Другое дело, что орлы — «спутники войск» — не имеют ничего общего ни с орлом, парящим наравне с поэтом в «Кавказе»[325], ни с царственными птицами у Данте и Рембрандта, символизирующими божественную благодать, поднимающую человека к Богу[326]. Это стервятники, питающиеся падалью, провозвестники смерти, родственные черным воронам, клюющим тела повешенных в «Альфонс садится на коня…». Как кажется, Пушкин использовал здесь образ из хорошо известного ему сонета П. А. Катенина «Кавказские горы», где Кавказ, вопреки традиции, изображен не как «возвышенное» (по Берку и Канту), а как безобразное и демоническое:

Громада тяжкая высоких гор, покрытыхМхом, лесом, снегом, льдом и дикой наготой;Уродливая складь бесплодных камней, смытыхВодою мутною, с вершин их пролитой.Ряд безобразных стен, изломанных, изрытых,Необитаемых, ужасных пустотой,Где слышен изредка лишь крик орлов несытых,Клюющих падеру оравою густой;Цепь пресловутая всепетого Кавказа,Непроходимая, безлюдная страна,Притон разбойников, поэзии зараза!Без пользы, без красы, с каких ты пор славна?Творенье Божье ты иль чертова проказа?Скажи, проклятая, зачем ты создана?[327]

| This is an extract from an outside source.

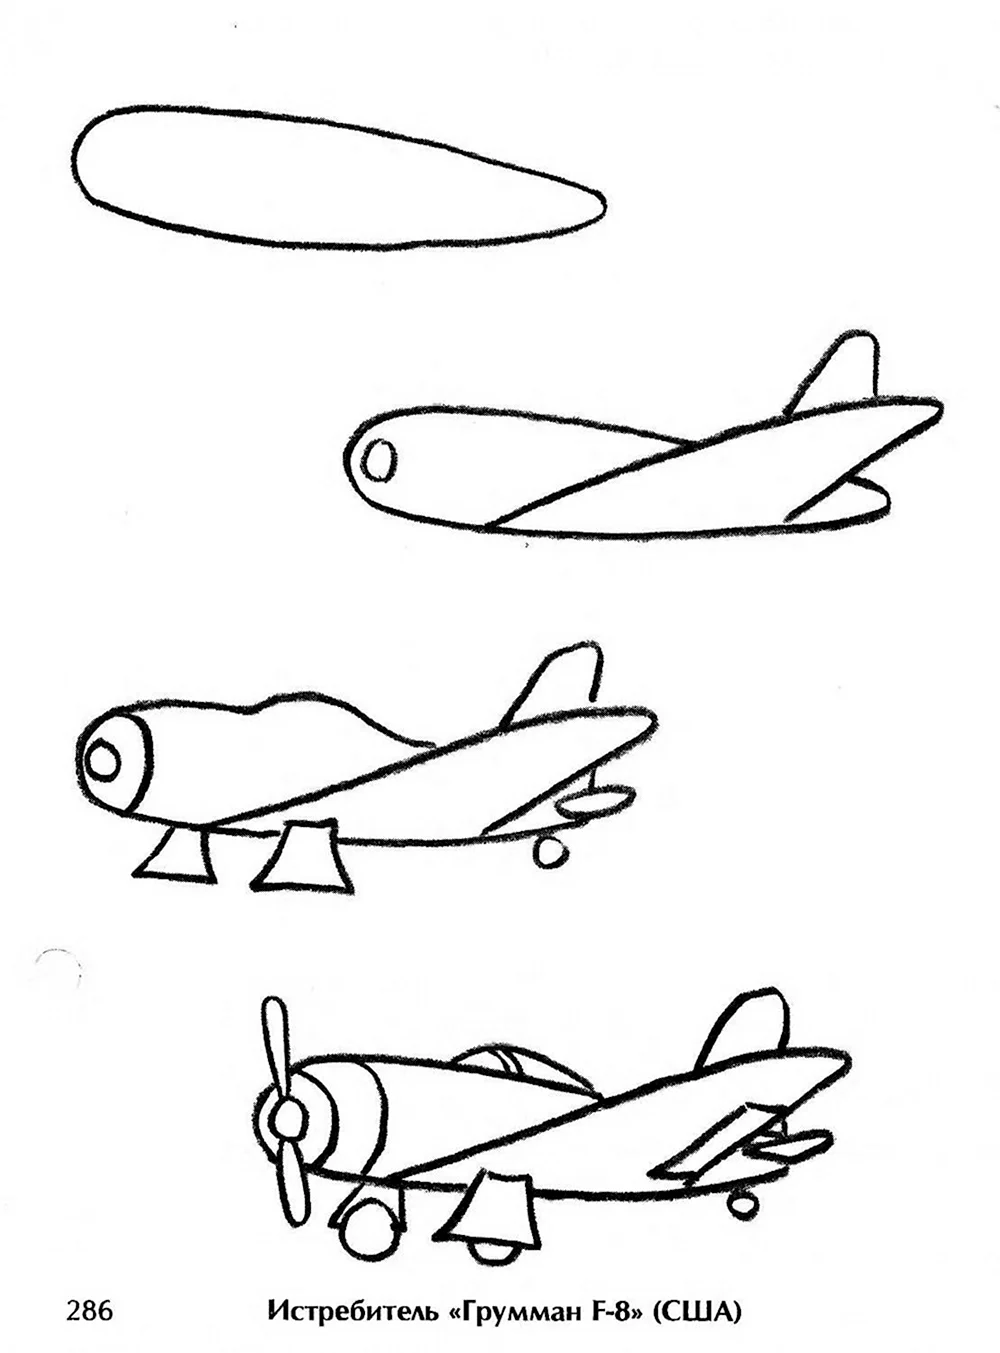 Поэтапное рисование самолета
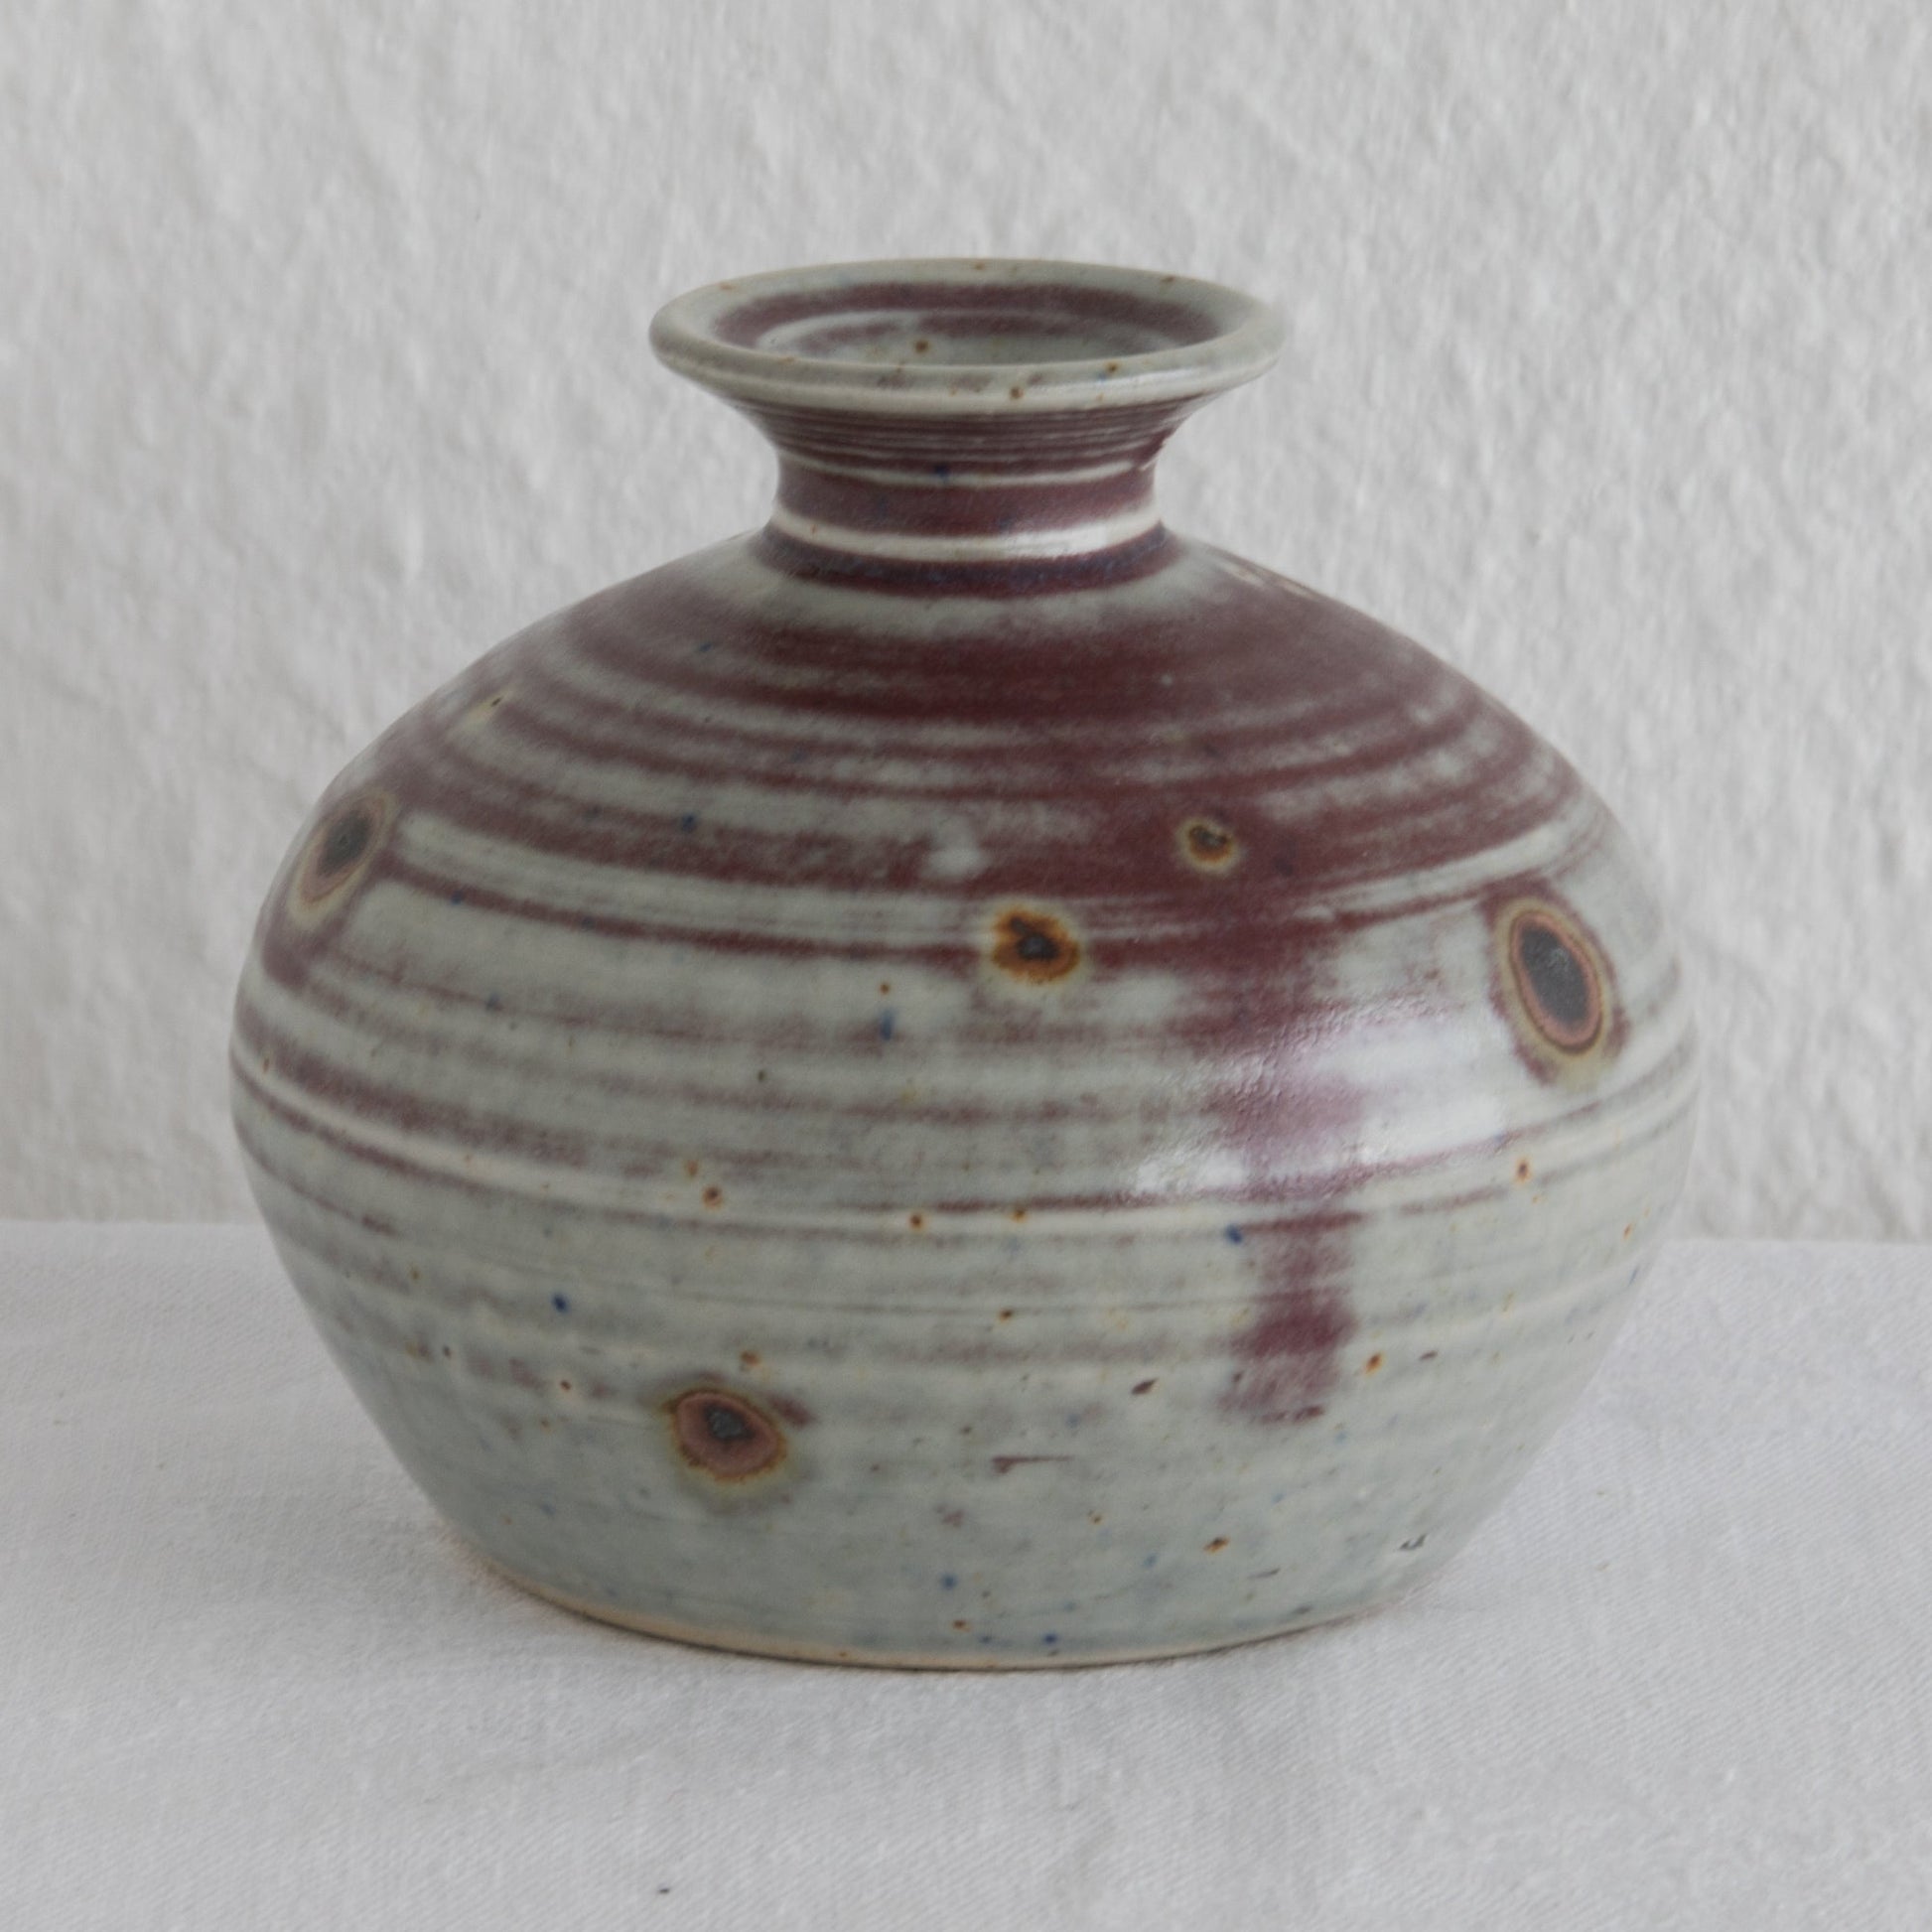 GERDA ØSTERGAARD Small Beige Red Glazed Stoneware Vase Mollaris.com

Вслед за Катениным Пушкин представляет Кавказ отнюдь не «всепетым» раем[328], а его травестией, «чертовой проказой», где все оказывается совсем не таким, как в ориенталистском воображении: нагие грузинки в бане — бесстыдно-равнодушными к мужскому взгляду, красавицы гарема — вовсе не красавицами, «азиатская роскошь» — «азиатским свинством», восточные здания и памятники — уродливыми сооружениями без вкусу и мысли, храбрые джигиты — жестокими трусами. Даже вожделенный переход через государственную границу, как показывает Пушкин, иллюзорен. Описав переправу через Арпачай, он вдруг замечает: «Но этот берег был уже завоеван: я все еще находился в России» [VIII: 463]. Конечно же, Пушкин прекрасно знал, что в результате русско-турецкой войны граница по Арпачаю не изменилась и он действительно въехал на турецкую территорию. Его ироническая ремарка указывает не на фактическую сторону дела, а на то, что, ретроспективно переосмысляя путешествие, Пушкин смеется над былыми восторгами по поводу экзотического Востока, войны, пересечения границ и всего путешествия в целом: оно не приносит никаких значимых изменений, путешественник в любой точке географического пространства остается таким же, каким он был («Каков я прежде был, таков и ныне я» [III: 143]), и избавления от России и собственной русскости не происходит даже за пределами Российской империи.

Окончательный итог путешествию подводит сцена в захваченном Арзруме, где вспыхнула чума:

Остановясь перед лавкою оружейного мастера, я стал рассматривать какой-то кинжал, как вдруг кто-то ударил <В «Современнике»: «ударили». — А. Д.> меня по плечу. Я оглянулся: за мною стоял ужасный нищий. Он был бледен как смерть; из красных загноенных глаз его текли слезы. Мысль о чуме опять мелькнула в моем воображении. Я оттолкнул нищего с чувством отвращения неизъяснимого, и воротился домой очень недовольный своею прогулкою [VIII: 481].

«Ужасный нищий», ударяющий Пушкина по плечу[329], — последнее звено в длинной цепочке напоминаний о смерти, тянущейся от «первого замечательного места» путешествия, могил «нескольких тысяч умерших чумою» [VIII: 448] через весь текст. Эту сцену, предшествующую окончательному решению Пушкина оставить армию, несмотря на предложение Паскевича «быть свидетелем дальнейших предприятий», можно понимать символически, как иносказательное résumé текста, выражающее отношение автора не столько к прогулке по Арзруму, сколько ко всему путешествию. Очевидно, в какой-то момент Пушкин понял, что война, на которую он, a la Байрон, так стремился, чтобы «круто поворотить свою жизнь», есть, по выражению Ю. М. Лотмана, «безусловное зло»[330], и, устыдившись собственного ребячества, решил закончить игру с судьбой.